So what’s the problem here? Games are getting won, incidents are getting solved, it’s true. But are you truly setting your organization or team up for success by “doing it for them” every time? Relying on the most dominant player to save the day isn't a scalable solution for an organization’s continued success.

Robust incident response planning and role definition

Work with your team to create a clear, structured incident response plan. Define roles, responsibilities, and escalation procedures so everyone knows what to do when an incident occurs. A well-thought-out plan saves time and helps us return to our revenue-producing tasks faster.

Here are three approaches to defining incident response roles based on maturity level, if you’re just getting started on building a foundational team.

  • Incident manager: owns the entire process.Someone with a decent amount of institutional knowledge who can provide direction and communicate updates at large.
  • Incident responders: everyone who mitigates incidents.
  • Internal stakeholders: anyone invested in the outcome who must be kept informed.

In a smaller team, these roles are usually filled by the engineers or engineering managers on-call and may vary from incident to incident. Leverage automation Use incident management tools to automate repetitive tasks. Adopting an incident management automation tool can help businesses simplify and conquer incident response challenges to increase efficiency and customer satisfaction while decreasing burnout.

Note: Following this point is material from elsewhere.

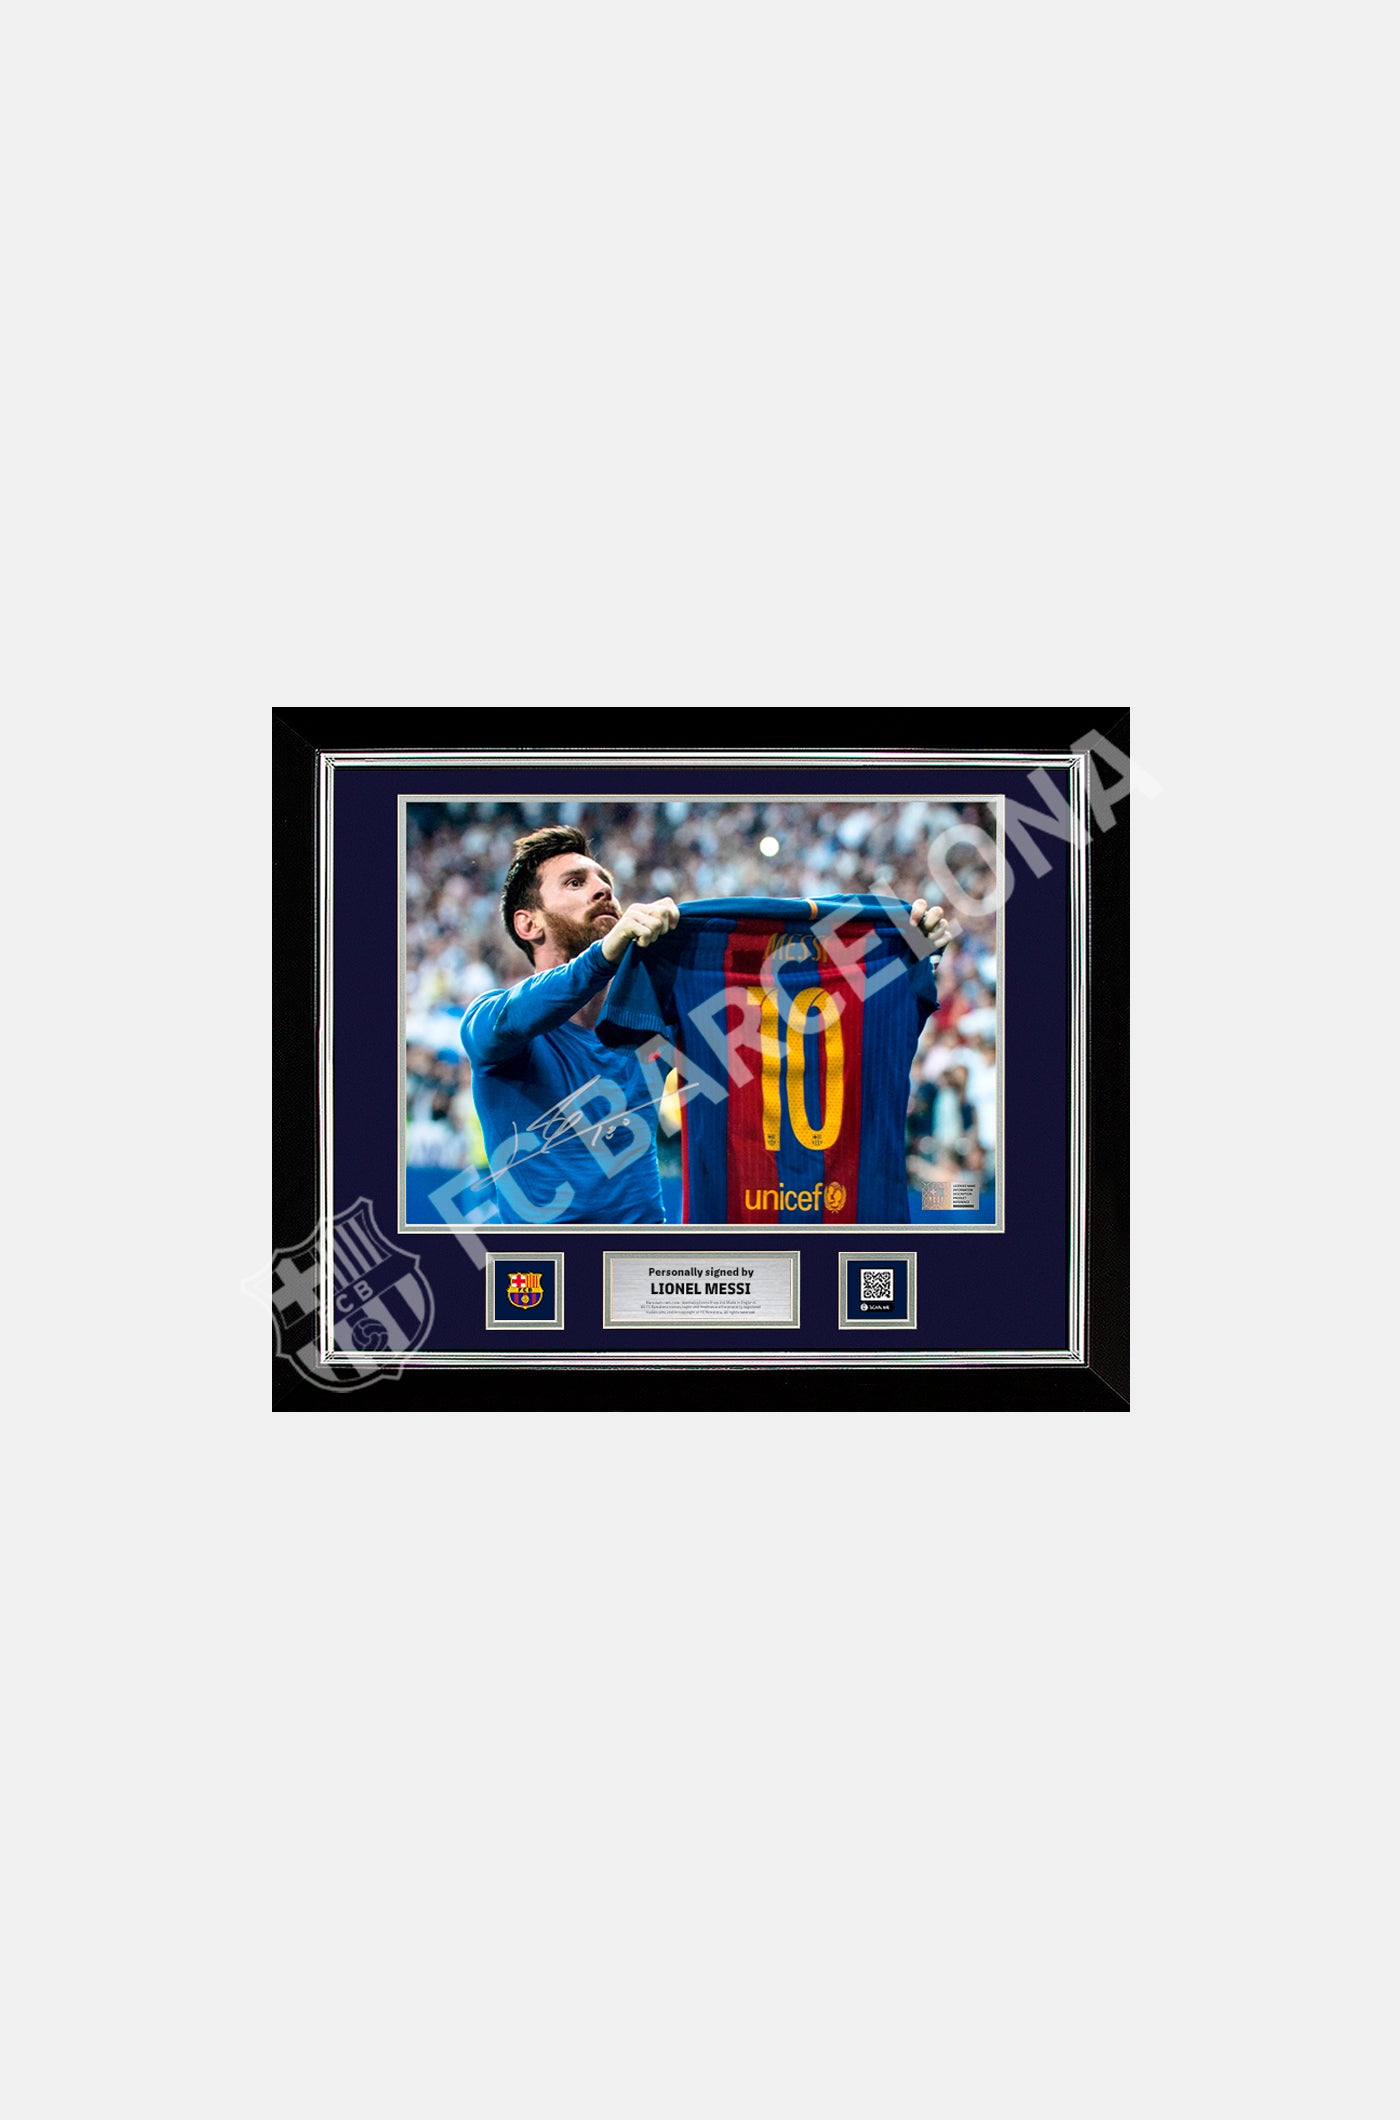 Offizielles FC Barcelona-Foto der legendären klassischen Feier, signiert und gerahmt von Lionel Messi

Automation removes the manual burden, reduces errors, and lets us focus on what matters most – writing code and building innovative products. ESG found that with optimized incident management, lost productivity time is reduced by 10%, providing a created work benefit of $422,000 per year. These strategies include:

  • Removing the “what do I do next” part of an incident by automating workflows from the start of an incident all the way through to the retro
  • Integrating the tools in your incident response tech stacks, like Slack, Zoom, Statuspage, GitHub, and Jira so they can speak to each other — and ideally so you can get a single dashboard look at your incidents
  • More easily identifying downstream impacts and automatically pulling in service owners and other stakeholders
  • Simplifying overall communication, both internally and externally with customers through status pages
  • Automatically importing data from the incident Slack channel into the retro doc to create a timeline that makes learning from the incident easier than ever
  • Providing a single source of truth to help unify engineers around incident management

Ultimately, these are the areas that are going to help you get off the incident treadmill. Incident management tools provide you with out-of-the-box automation around assembly and communication that help you get to actually fixing the problem faster.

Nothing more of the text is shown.